Clone repo through ssh

git clone ssh://[email protected]/albert-no/seq_simul.git

Requirements

1. editdistance

Install editdistance package

conda install -c conda-forge editdistance

2. seqanpy

Install seqanpy package for alignment

download seqan 2.4.0 (Download_link)
unzip the file and export the include folder path
download swig and export swig
install seqanpy using pip

export SEQAN_INCLUDE_PATH=/PATH/TO/SEQAN/LIBRARY/seqan-library-2.4.0/include
sudo apt install swig
export SWIG=swig
pip install seqanpy

Setup

seq_simul is implemented using Python 3.7 and should be installed before running.

pip install -e .

Generate Dataset (Processing Pipeline)

Processing pipeline generates the data for training simulator.

Input and Output of Processing Pipeline

The inputs of the processing pipeline are oligo text file (oligos.txt) which contains the oligo (encoded data) and FASTQ file (.fastq) which contains the read and quality-score. The output of the processing pipeine is data files. The data file stores the matching result. Each matching result corresponds to 5 lines in data file.

read from fastq
qscore (that corresponds to read)
matched oligo
edit-distance between the read and the oligo
index of matched oligo

Processing Pipeline Overview

The processing pipeline does the following:

Convert FASTQ file into reads file (extract reads and qscores from FASTQ file)
Split reads file (split read files into subread files)
Find edit distance and quality value between split files and oligo text file
Save results in data file
Separate data files into train-set and test-set under the defined proportion
Separate data files in train-set and test-set through edit-distance (0 edit-distance & defined edit-distance range)
Modify and save the data file which is saved in non-zero edit-distance folder into three errors data files (insertion, deletion, substitution data file)

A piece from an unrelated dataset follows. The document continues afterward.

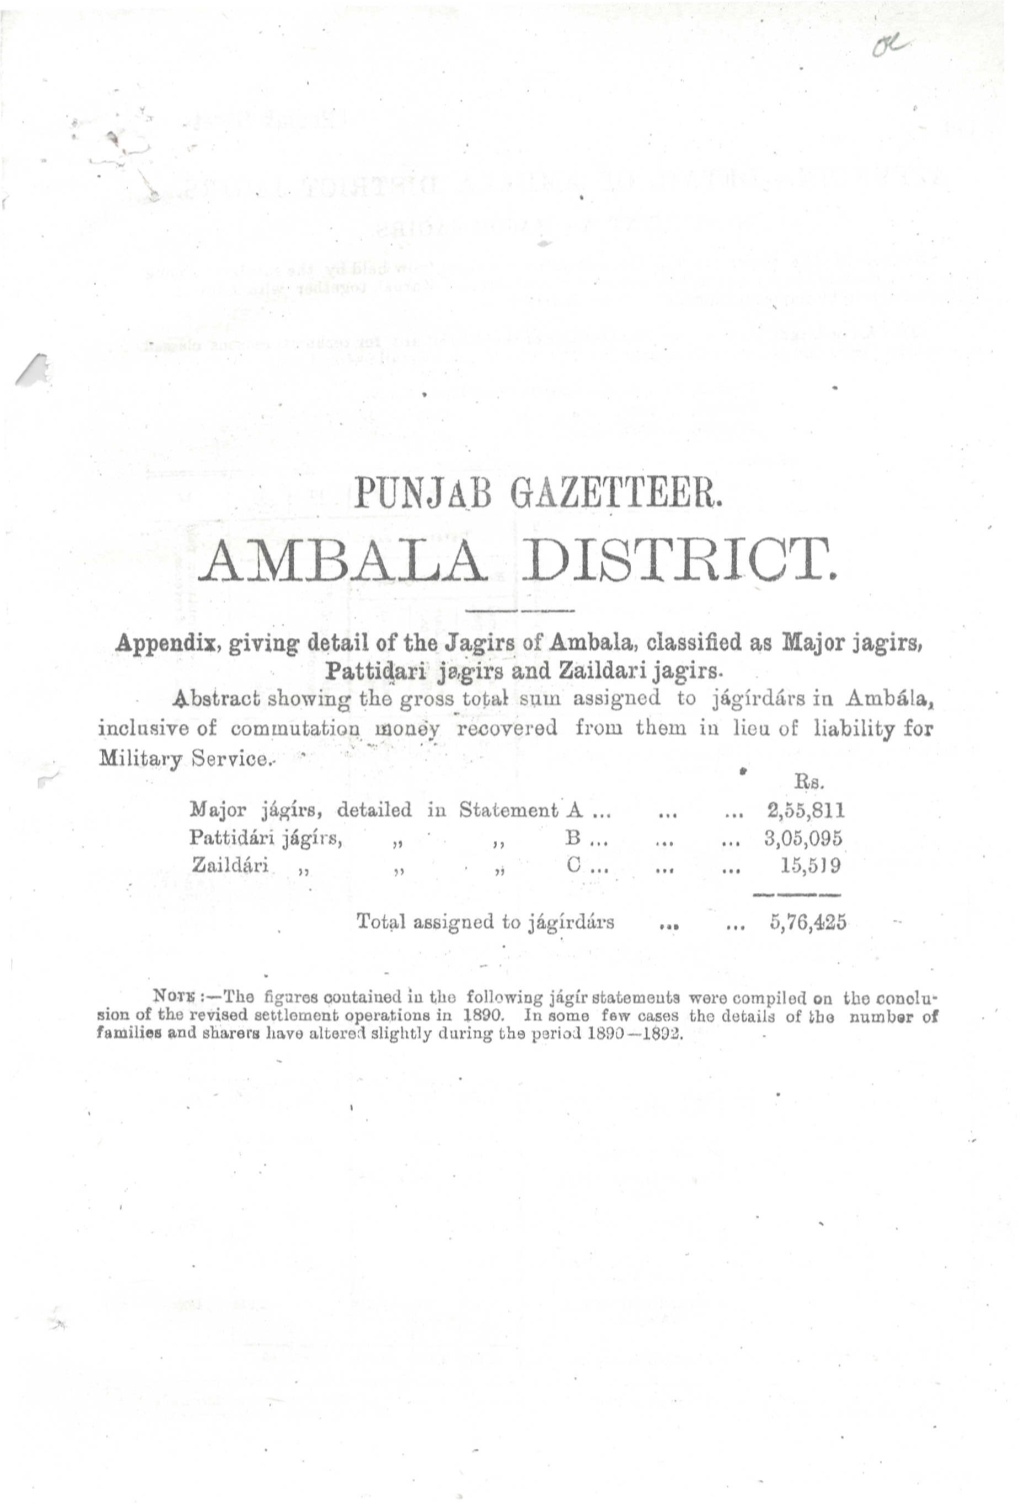 Ambala District

1. Matching oligos and reads

To run the processing.py, parameters in main have to be modified appropriately.

path is a path to FASTQ (.fastq) and oligo text (.txt) file
fname is a name of FASTQ and oligo text file. For example, fname=constraint implies that FASTQ file name is constraint.fastq and oligo text file name is constraint.txt.
edit_distance_limit is a maximum allowable edit-distance between the read and the matched oligo.
split_num is a number of read which is saved in single reads file.

Then, run processing.py at root to generate data files.

2. Get Train, Test Dataset

Parameters of get_train_test_set.py need to be modified as personal use.

folder_path is a path of matched dataset.
division_ratio is a division proportion of the train-set and test-set. (if division_ratio=0.8, it return 80% of train-set and 20% of test-set)

Run get_train_test_set.py returns the proportionally divided train and test folder.

3. Split Train, Test Dataset within Edit Distance & Split Three Error Data

To customize parameters of trim_and_split.py as follows. It trims the length of the sequences and save separately within edit distance. Also, split data into three errors(insertion, substitution, deletion). Trimmed data are saved in the train, test folders, and error contained data are saved in insertion, deletion, substitution folders which are generated in the train and test folders. Additionally, for the profile vector that is essential for simulation, proportions of the errors are saved as a log file named data_proportions.log.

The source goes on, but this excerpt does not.